Your assignment:
When you reach the line below that has "Tシャツ Burberry - Tシャツ", start returning lines exactly, and stop after the line that has "Bosch Smart Home"; skip the pictures.

=== Material supplied ===

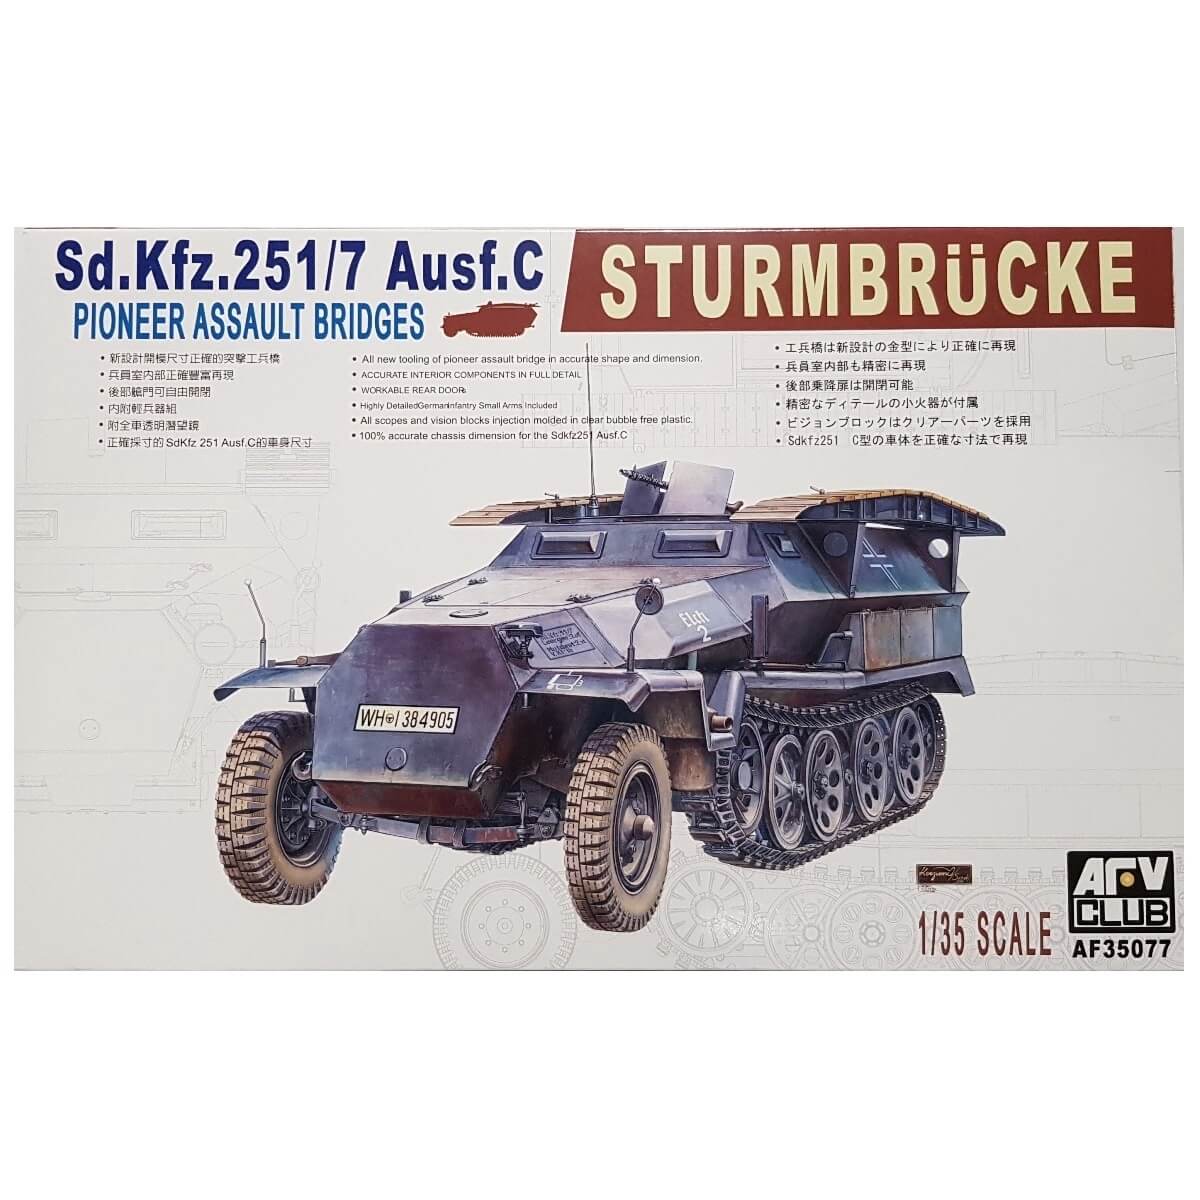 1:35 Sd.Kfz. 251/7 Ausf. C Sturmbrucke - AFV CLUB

===
=== Material supplied ===

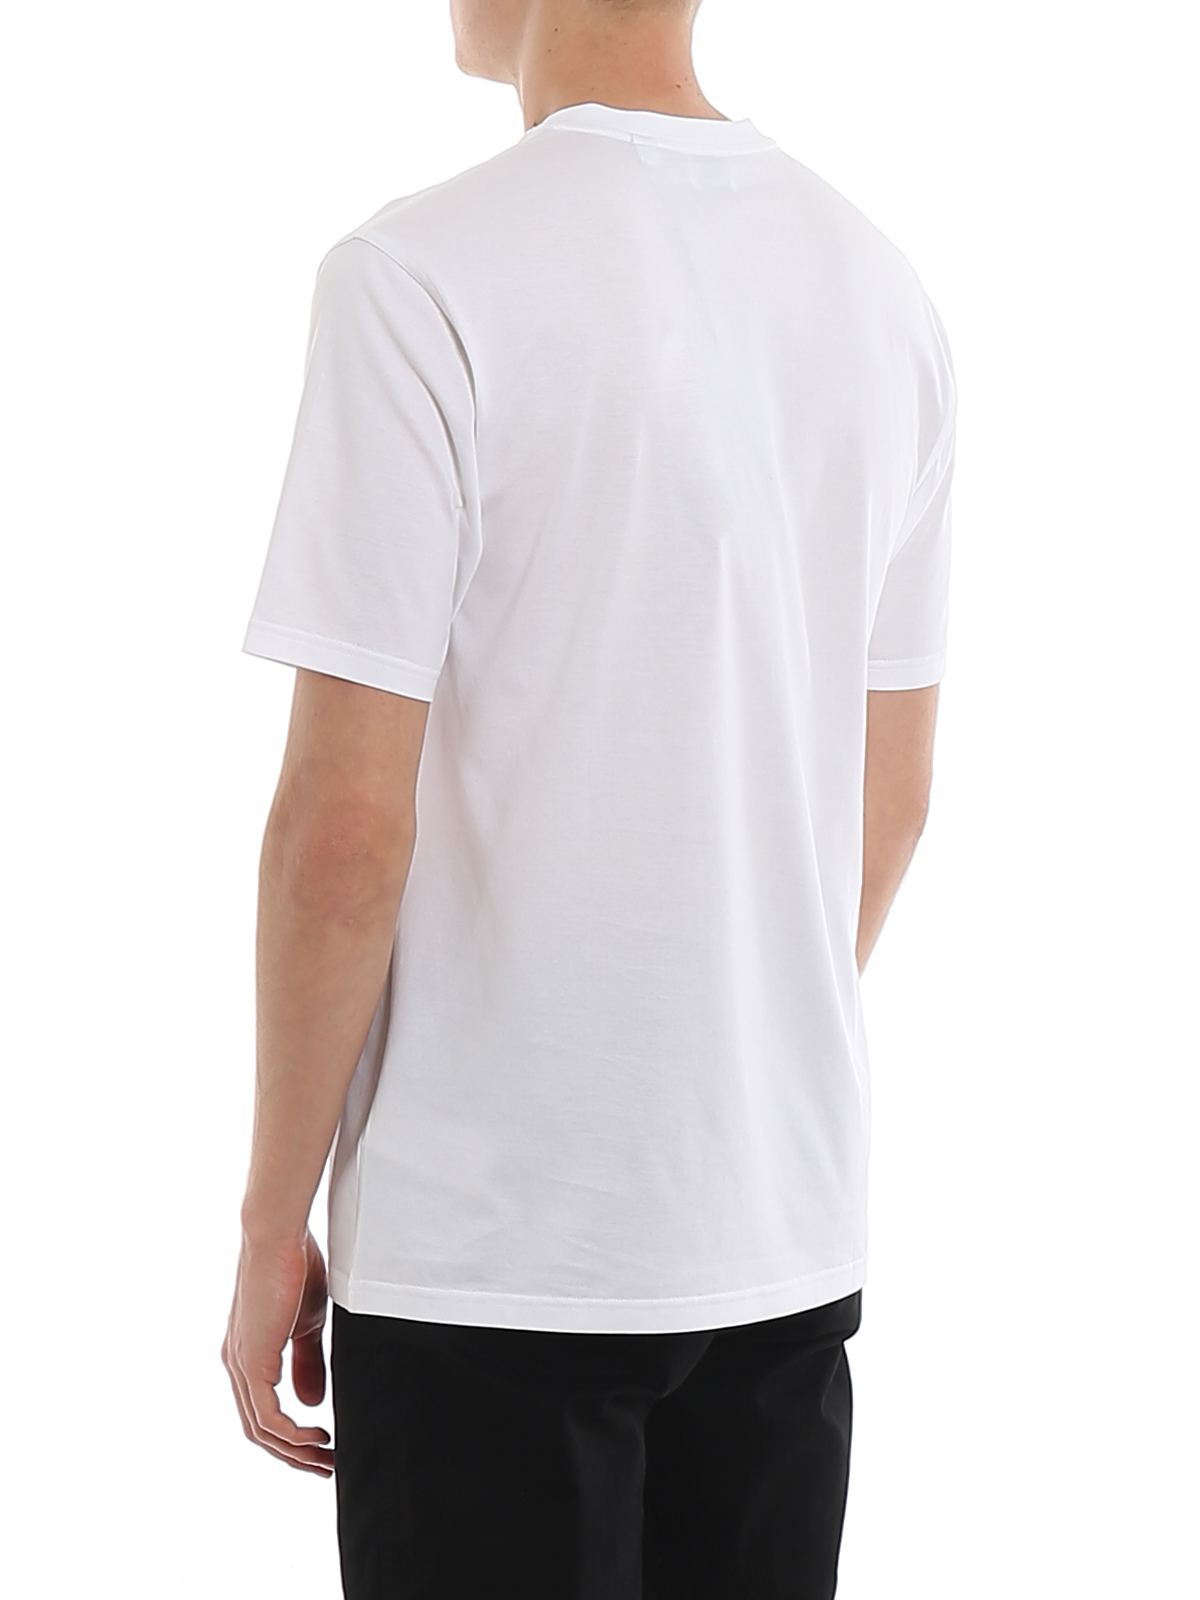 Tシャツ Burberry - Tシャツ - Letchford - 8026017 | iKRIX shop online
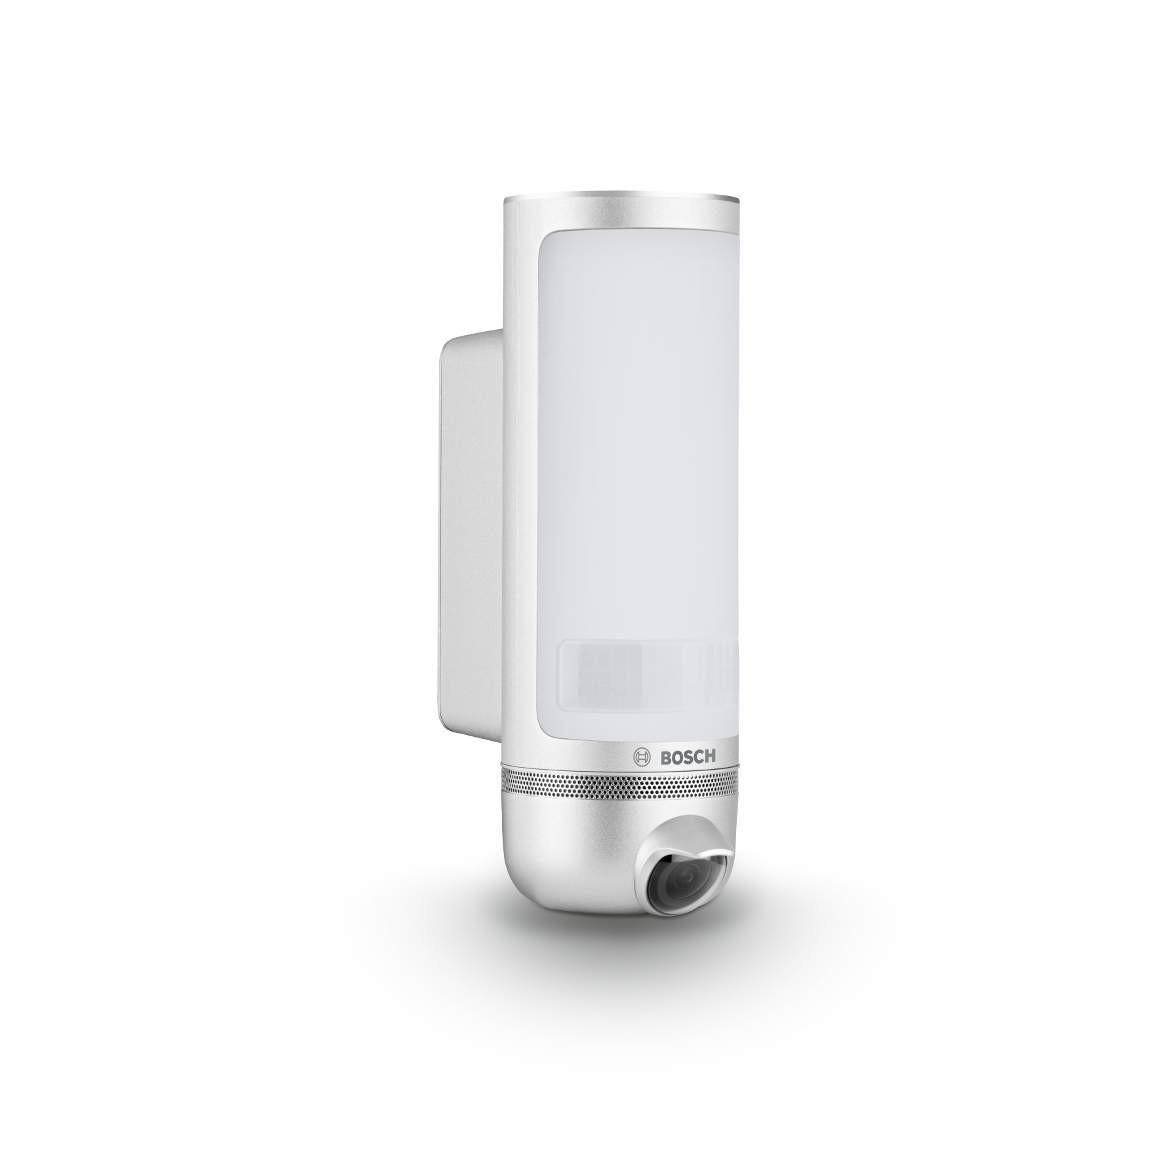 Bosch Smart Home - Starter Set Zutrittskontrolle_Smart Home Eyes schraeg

===

Task solution:
 Tシャツ Burberry - Tシャツ - Letchford - 8026017 | iKRIX shop online
 Bosch Smart Home - Starter Set Zutrittskontrolle_Smart Home Eyes schraeg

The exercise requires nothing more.